ITSC 2025 Paper Abstract

Paper WE-EA-T14.6

Göbel, Jan-Philipp (CARIAD SE, Johannes Kepler University (JKU), Technische Hochschu), Mertens, Jan Cedric (CARIAD SE), Kundinger, Thomas (AUDI AG), Riener, Andreas (Technische Hochschule Ingolstadt)

Multimodal Detection of Alcohol-Impaired Driving Using Time-Series Classification in a High-Fidelity Simulator

Scheduled for presentation during the Regular Session "S14b-Human Factors and Human Machine Interaction in Automated Driving" (WE-EA-T14), Wednesday, November 19, 2025, 14:50−15:30, Currumbin

2025 IEEE 28th International Conference on Intelligent Transportation Systems (ITSC), November 18-21, 2025, Gold Coast, Australia

This information is tentative and subject to change. Compiled on October 19, 2025

Keywords Human-Machine Interaction Systems for Enhanced Driver Assistance and Safety, Driver Behavior Monitoring and Feedback Systems for Semi-autonomous Vehicles

Abstract

This study introduces a novel machine learning framework for detecting alcohol-induced driving impairment based on multimodal behavioral signals collected in a high-fidelity driving simulator. With 120 participants—the largest sample size in this field to date—the experiment captured both vehicle dynamics and eye-tracking data under sober and intoxicated conditions. To preserve temporal dependencies, a MiniRocket time-series classifier was employed, outperforming conventional feature-based models. A systematic signal-wise analysis identified steering behavior and drowsiness as the most informative indicators. Signal combinations further enhanced classification performance, achieving up to 85.2 % accuracy on unseen test data.
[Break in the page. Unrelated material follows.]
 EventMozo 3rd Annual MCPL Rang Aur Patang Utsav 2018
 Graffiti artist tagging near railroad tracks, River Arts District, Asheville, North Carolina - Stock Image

While scenario-specific models (urban, rural, highway) provided only marginal improvements, a time window analysis revealed that just three minutes of driving data were sufficient for reliable detection. As the first study to integrate gaze and driving behavior in a scalable, signal-based approach, this work demonstrates the practical potential of multimodal time-series classification for real-time, in-vehicle driver monitoring.